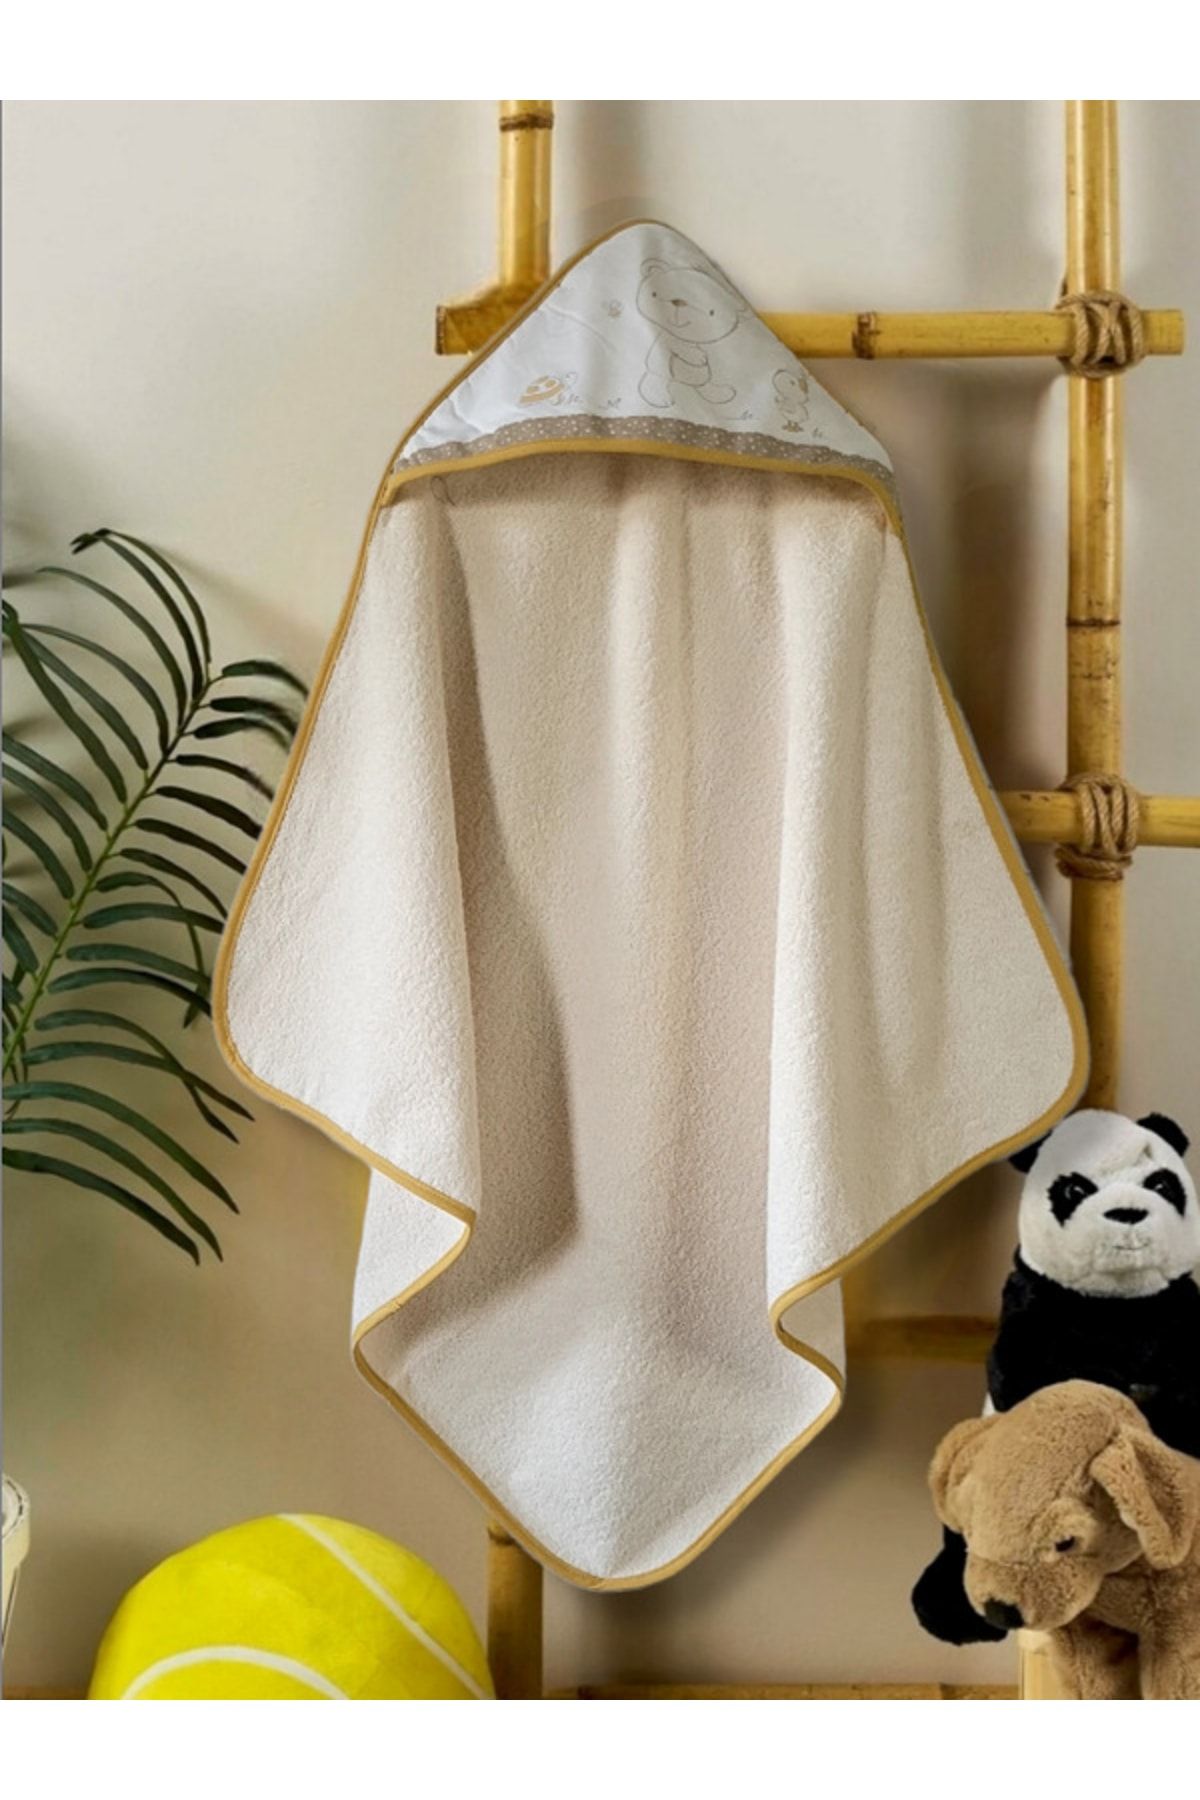 Alpar Tekstil Pamuklu Yumuşacık Kız-erkek Bebek Banyo Havlu Kundak 75*75 Cm Krem/ayıcık
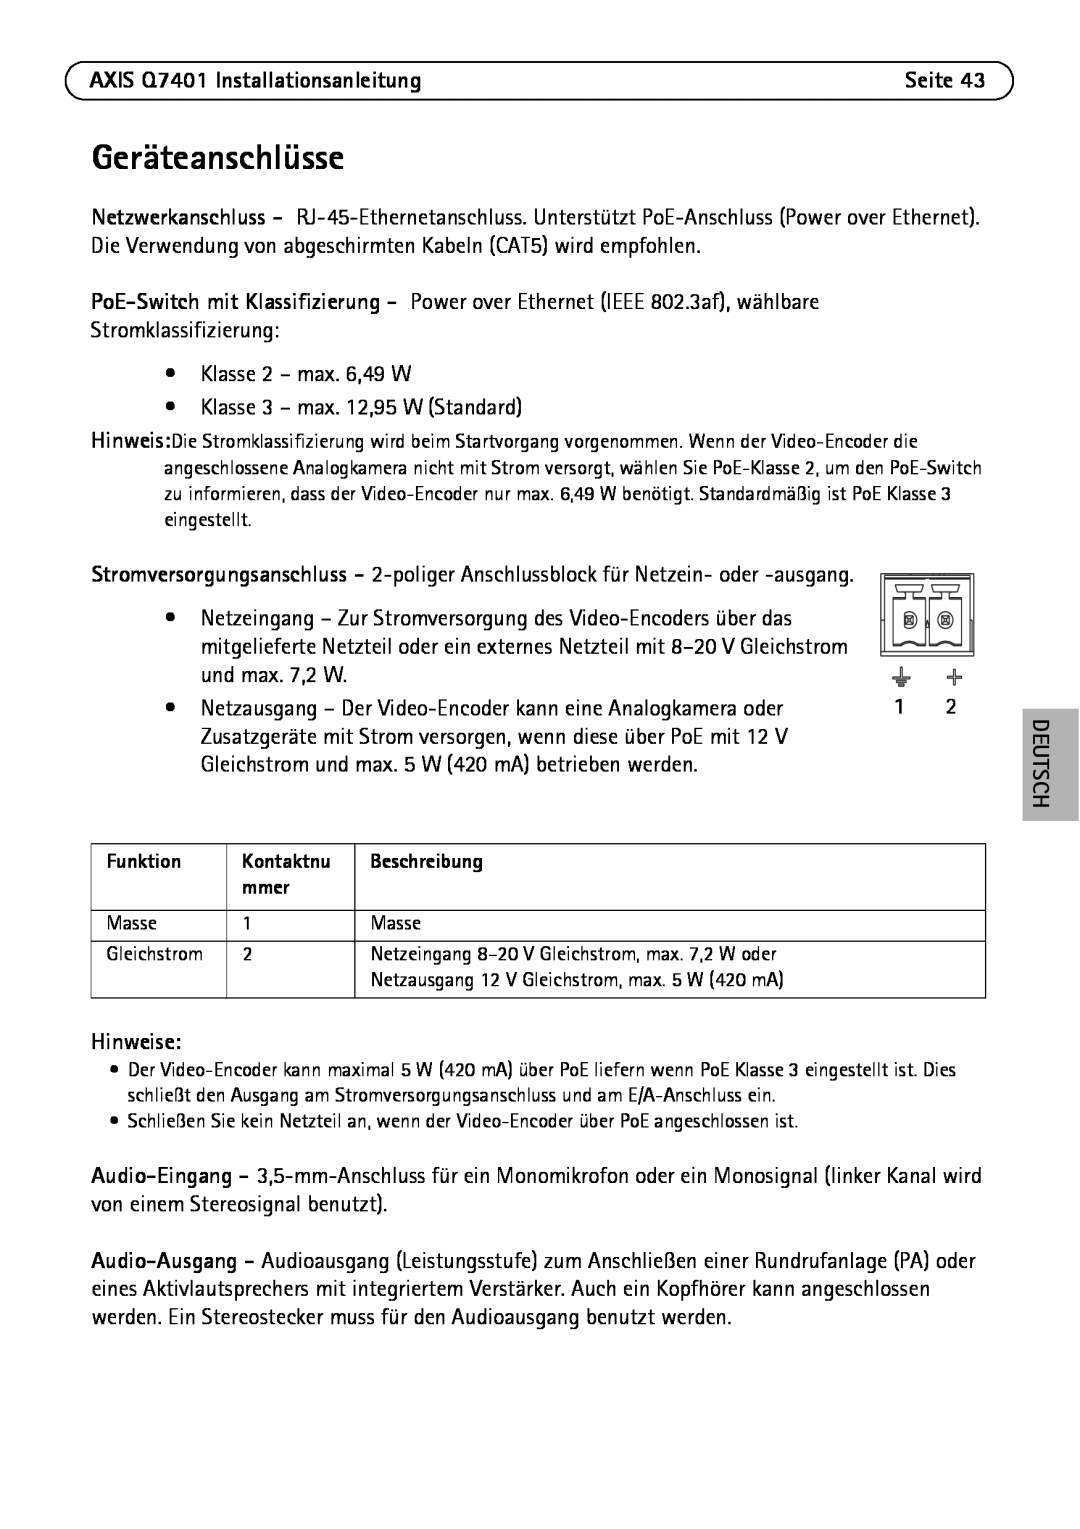 Axis Communications manual Geräteanschlüsse, AXIS Q7401 Installationsanleitung, Hinweise, Deutsch 
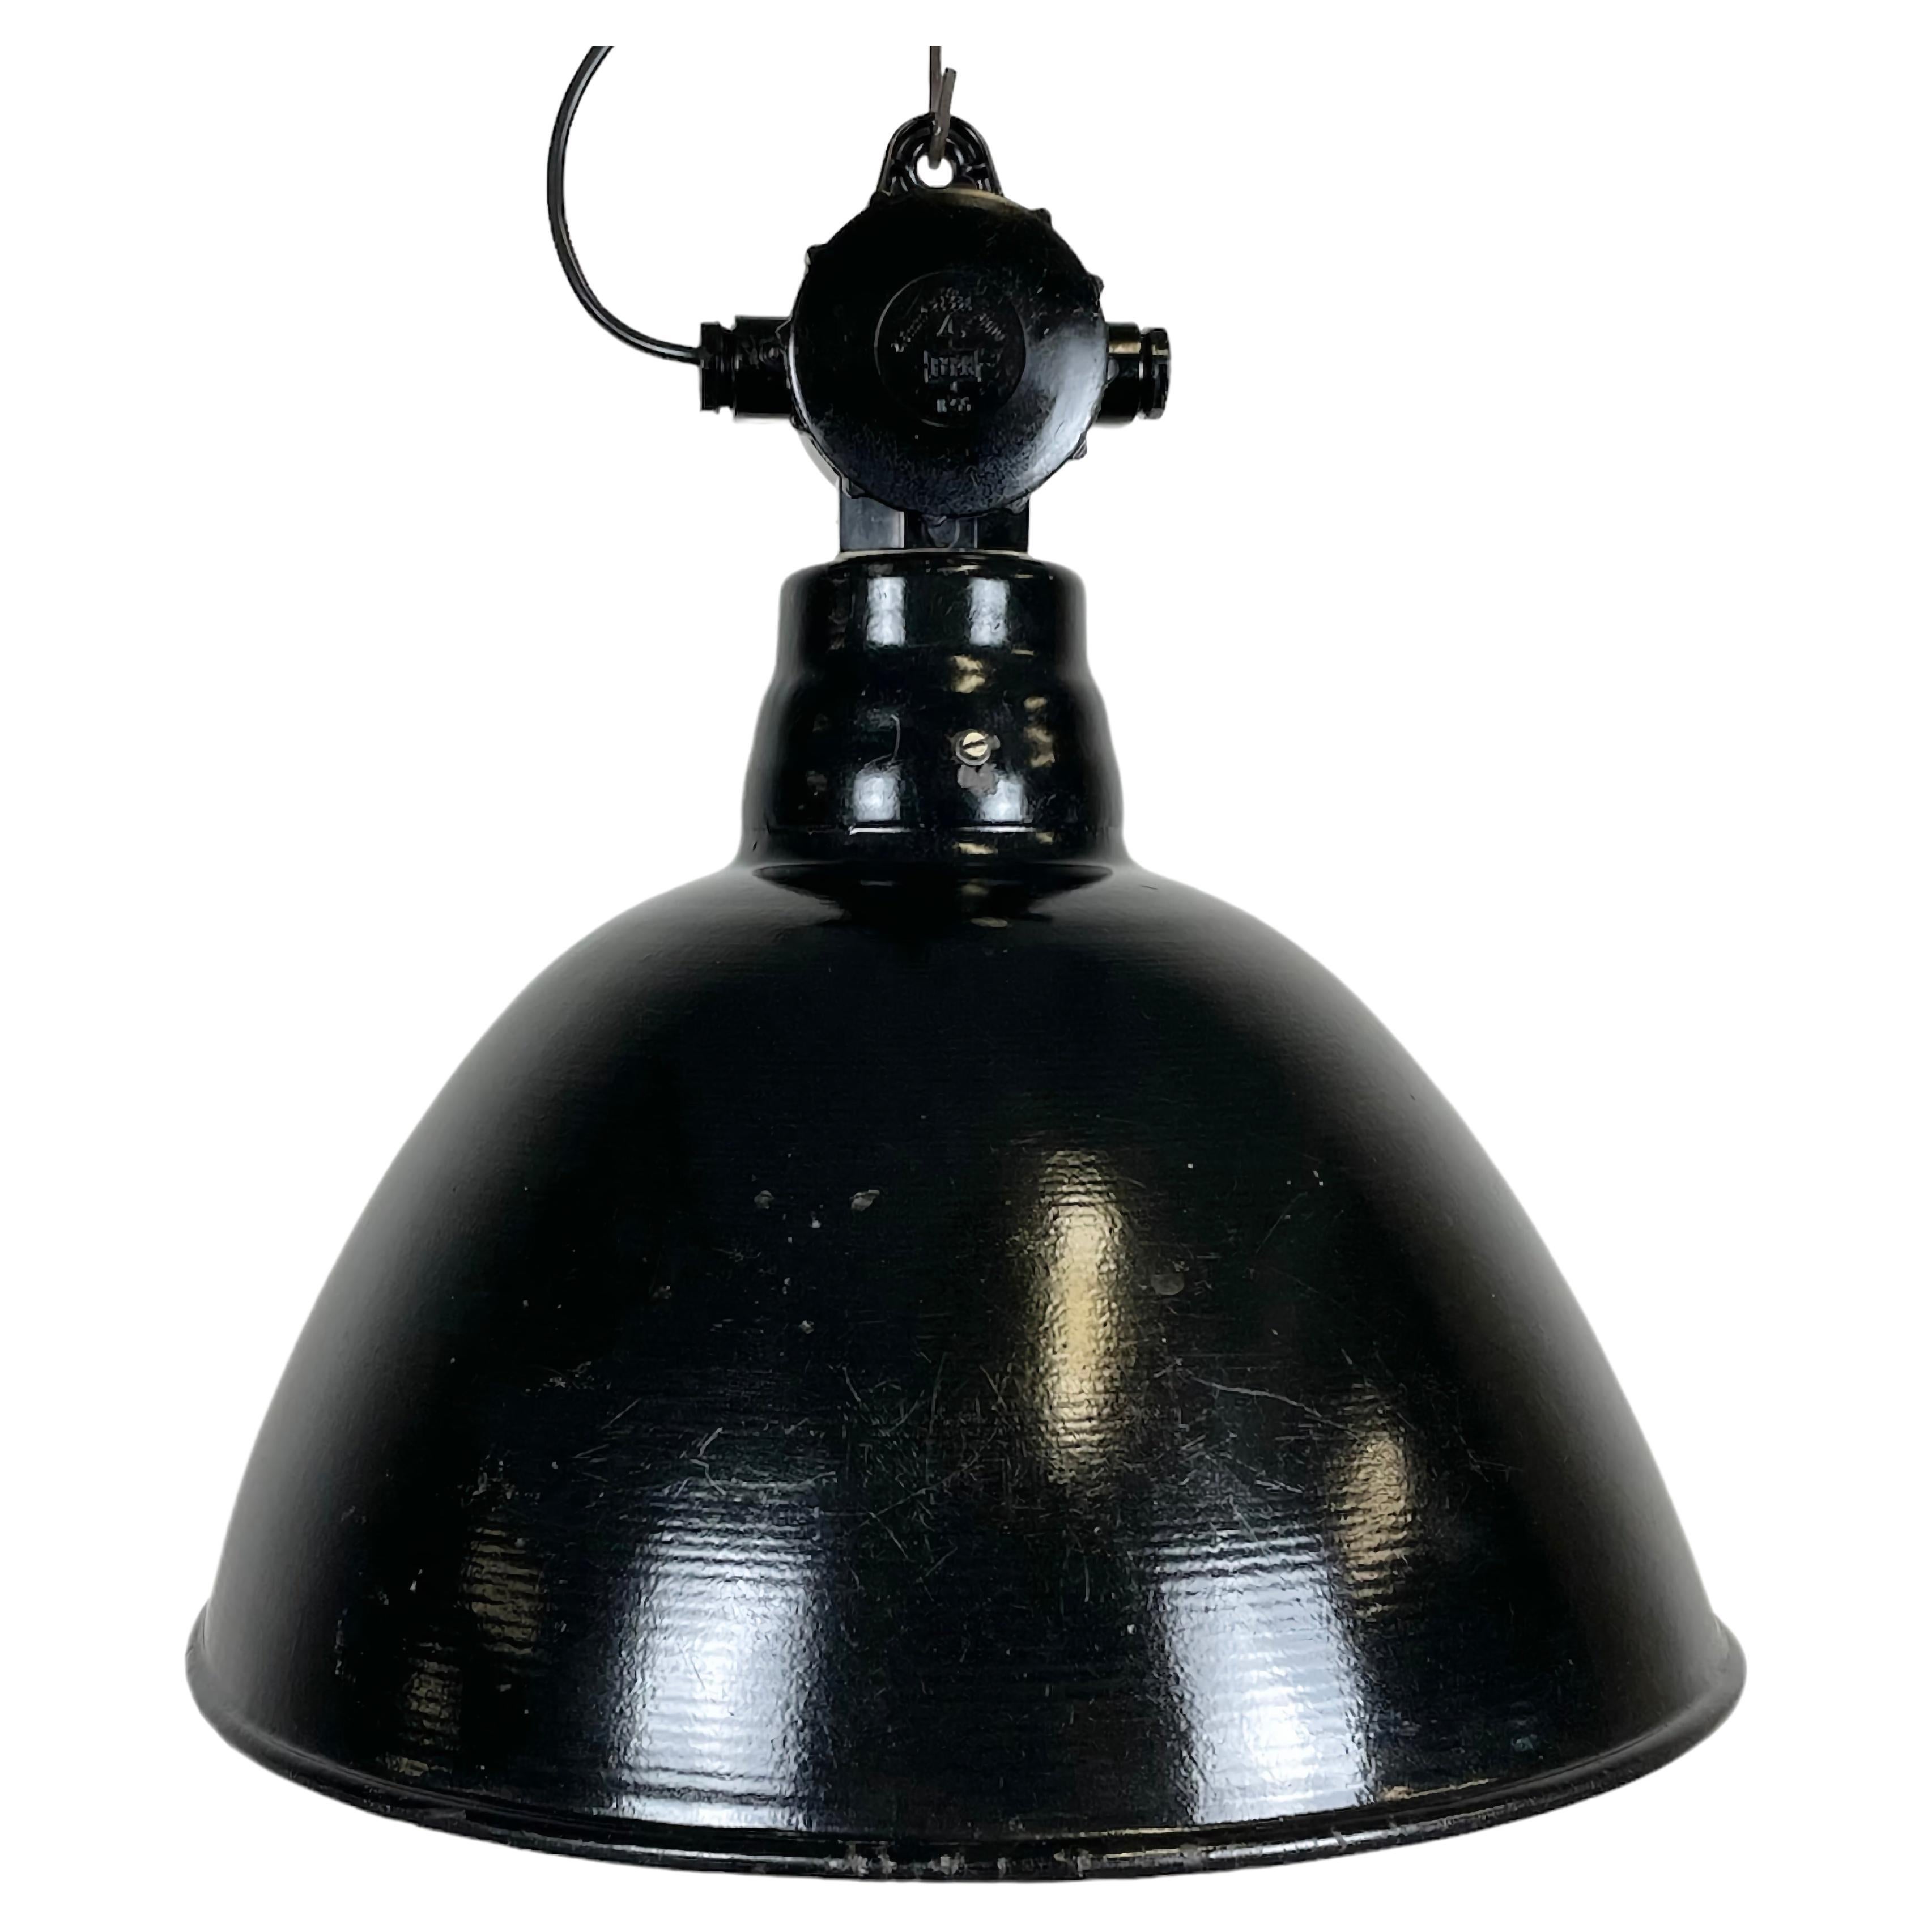 Lampe d'usine d'Allemagne de l'Est en émail noir par Lbd Veb Leuchtenbau Dresde, années 1950

□ □ □ □

Without copying any picture, write out all of the material exactly as it reads.

__OUTPUT FOR THIS EXERCISE__
 Alpar Tekstil Pamuklu Yumuşacık Kız-erkek Bebek Banyo Havlu Kundak 75*75 Cm Krem/ayıcık
 Axis Communications manual Geräteanschlüsse, AXIS Q7401 Installationsanleitung, Hinweise, Deutsch 
 Lampe d'usine d'Allemagne de l'Est en émail noir par Lbd Veb Leuchtenbau Dresde, années 1950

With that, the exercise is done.